Die Kirche der Auferstehung Christi, die sich im Kloster befindet, wurde 1676 von Metropolit Ion von Rostow erbaut. Seit 1803 diente sie als Klosterkirche der Uglitscher Geistlichen Schule. Es handelt sich um ein steinernes Gebäude mit einem stabilen Glockenturm. In der Kirche gibt es vier Altäre: den Hauptaltar zu Ehren der Auferstehung Christi, rechts den Altar zu Ehren der Wladimir-Ikone der Gottesmutter und der Smolensker Gottesmutter, links unten im warmen Seitenschiff den Altar zu Ehren des Zeichens der Gottesmutter und der Gottesmutter, die als Lebensspendende Quelle bezeichnet wird. Neben der Kirche befindet sich die steinerne Kapelle Znamenskaya, die der Überlieferung nach aus dem Tor der Klosterumfriedung erbaut wurde.

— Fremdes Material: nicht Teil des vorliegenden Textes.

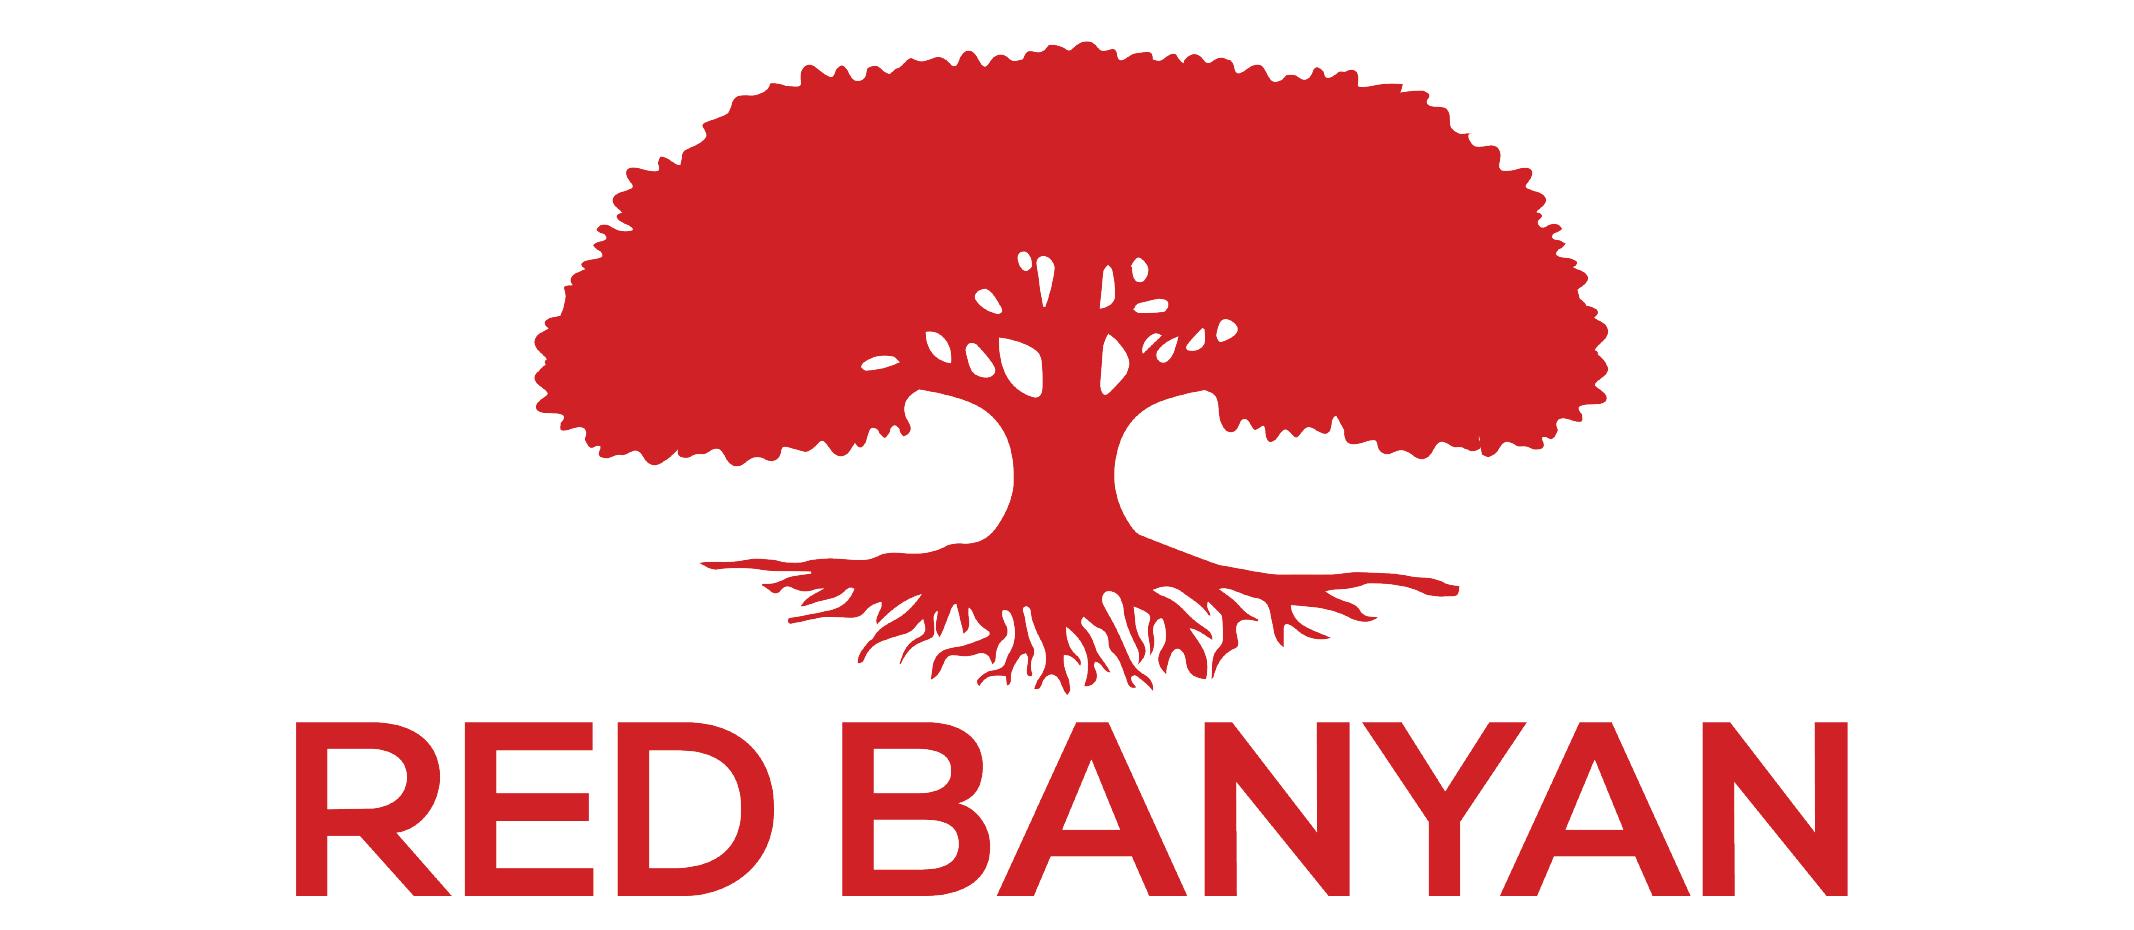 Red Banyan Logo

Die Kirche steht auf einem Grundstück von 63 Sazhen Länge und 7 bis 15 Sazhen Breite. Das hölzerne Pfarrhaus für die Geistlichen ist baufällig. Das Kirchenvermögen beträgt 1150 Rubel in Wertpapieren. Die Gemeinde zählt 47 Männer und 72 Frauen. Die feste Besetzung des Klerus umfasst einen Priester, das Kirchenvermögen beträgt 1968 Rubel in Wertpapieren.

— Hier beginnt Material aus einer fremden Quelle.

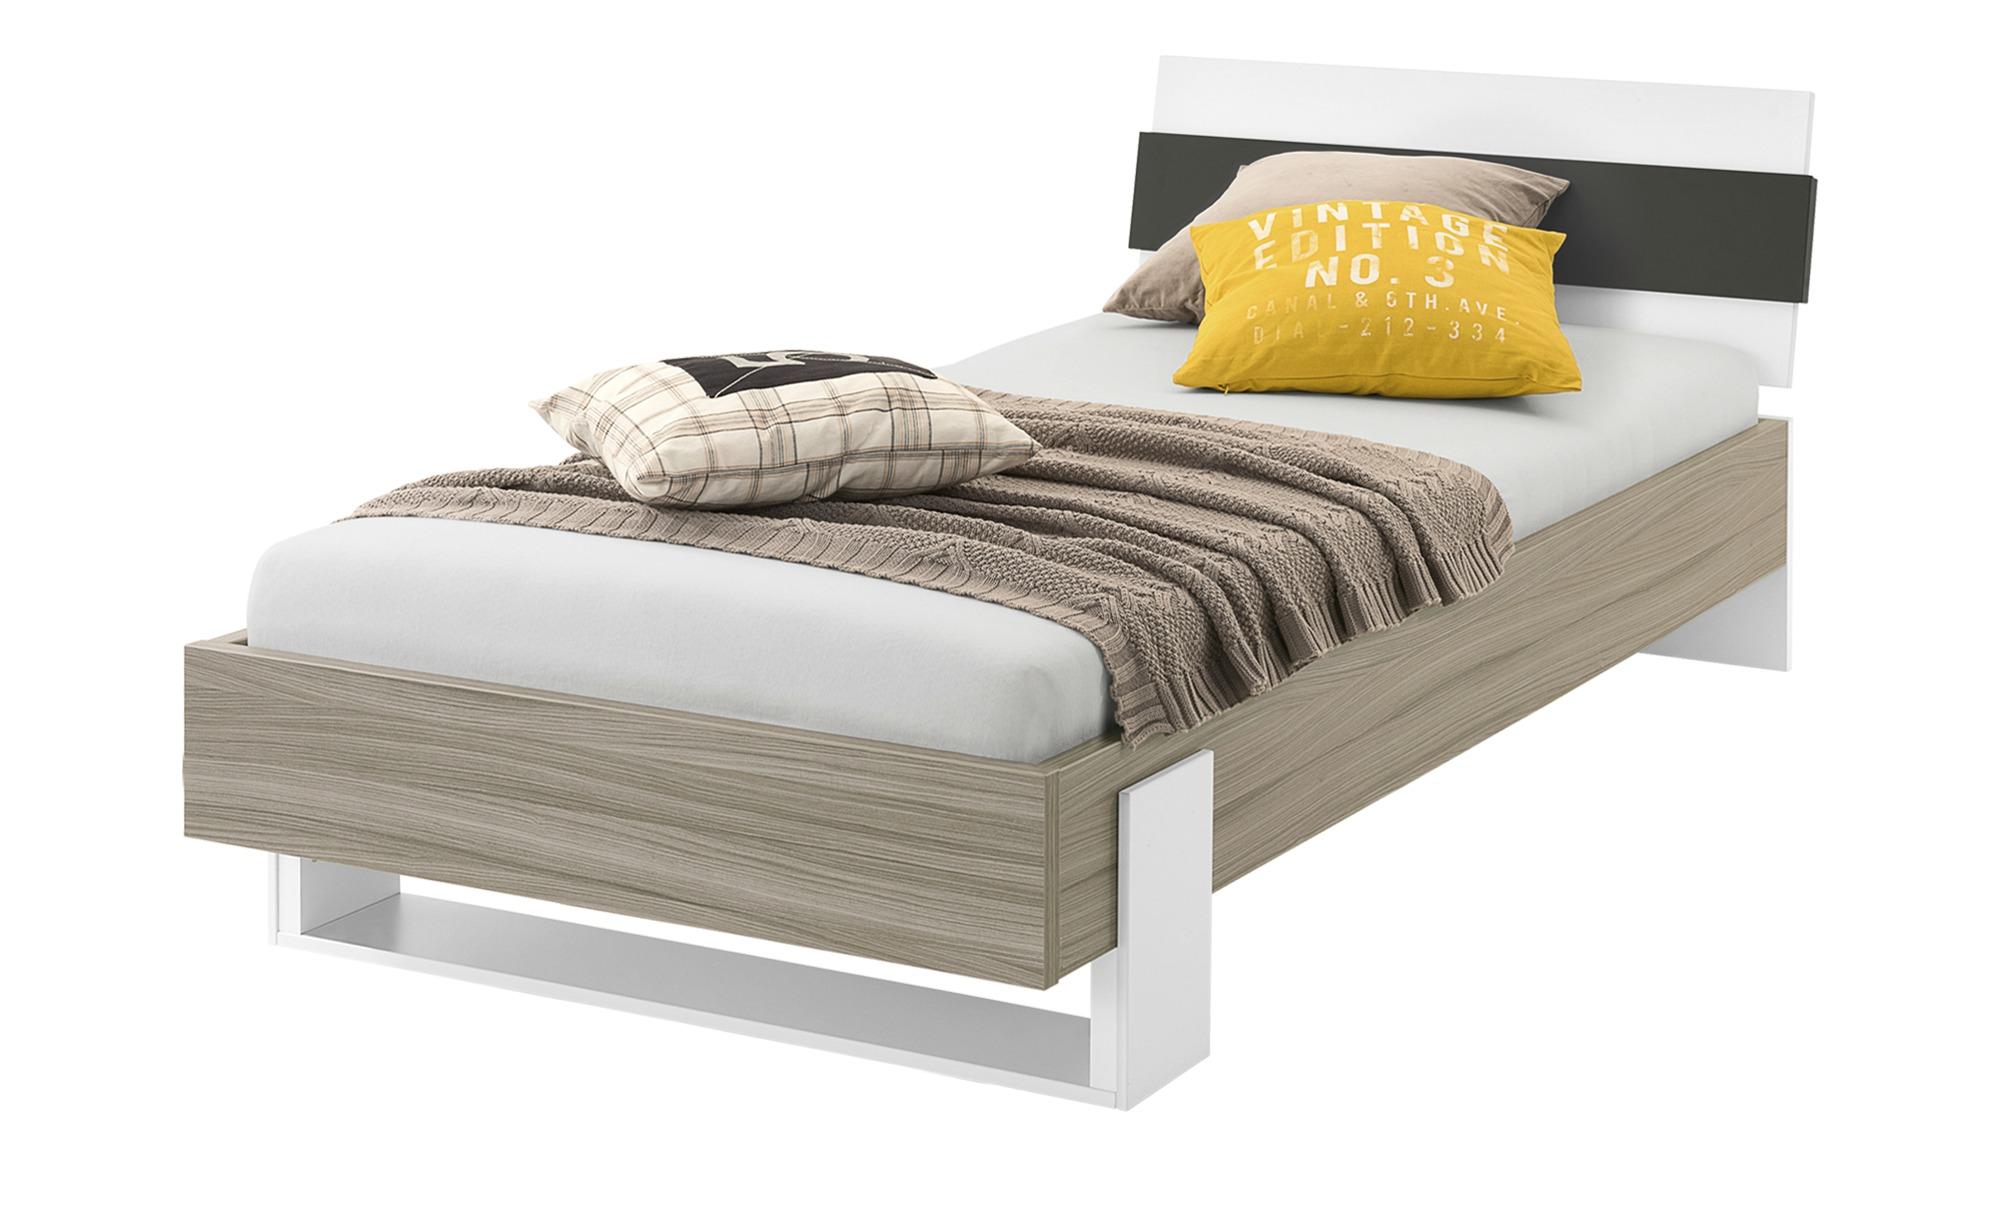 Kinderbett mit Schubladen Paw Patrol Jugendbett Juniorbett Holz rosa 140x70cm

Die Kathedrale ist vielfältig geschmückt: Das Untergeschoss des Gebäudes ist mit Bögen durchbrochen, die Portale sind mit Ziegeln verschiedener Formen dekoriert, die Arkade der Galerie ist mit Fliesen gestaltet, und die Wände über der Galerie sind mit einem dekorativen Fries umgeben. Der Tempel wird von fünf zwiebelförmigen Kuppeln auf hohen, dünnen, geschlossenen Tambouren gekrönt, wobei die zentrale Kuppel deutlich größer ist als die seitlichen. Bis zur Schließung des Tempels wurden dort die Heiligtümer des Klosters aufbewahrt, darunter das Kirchenbild „Auferstehung mit den Passionen“ aus der ersten Hälfte des 17. Jahrhunderts, ein silberner, vergoldeter Kreuz, eine Sternenform und ein Kelch aus dem Jahr 1678 sowie das Evangelium aus dem Jahr 1644.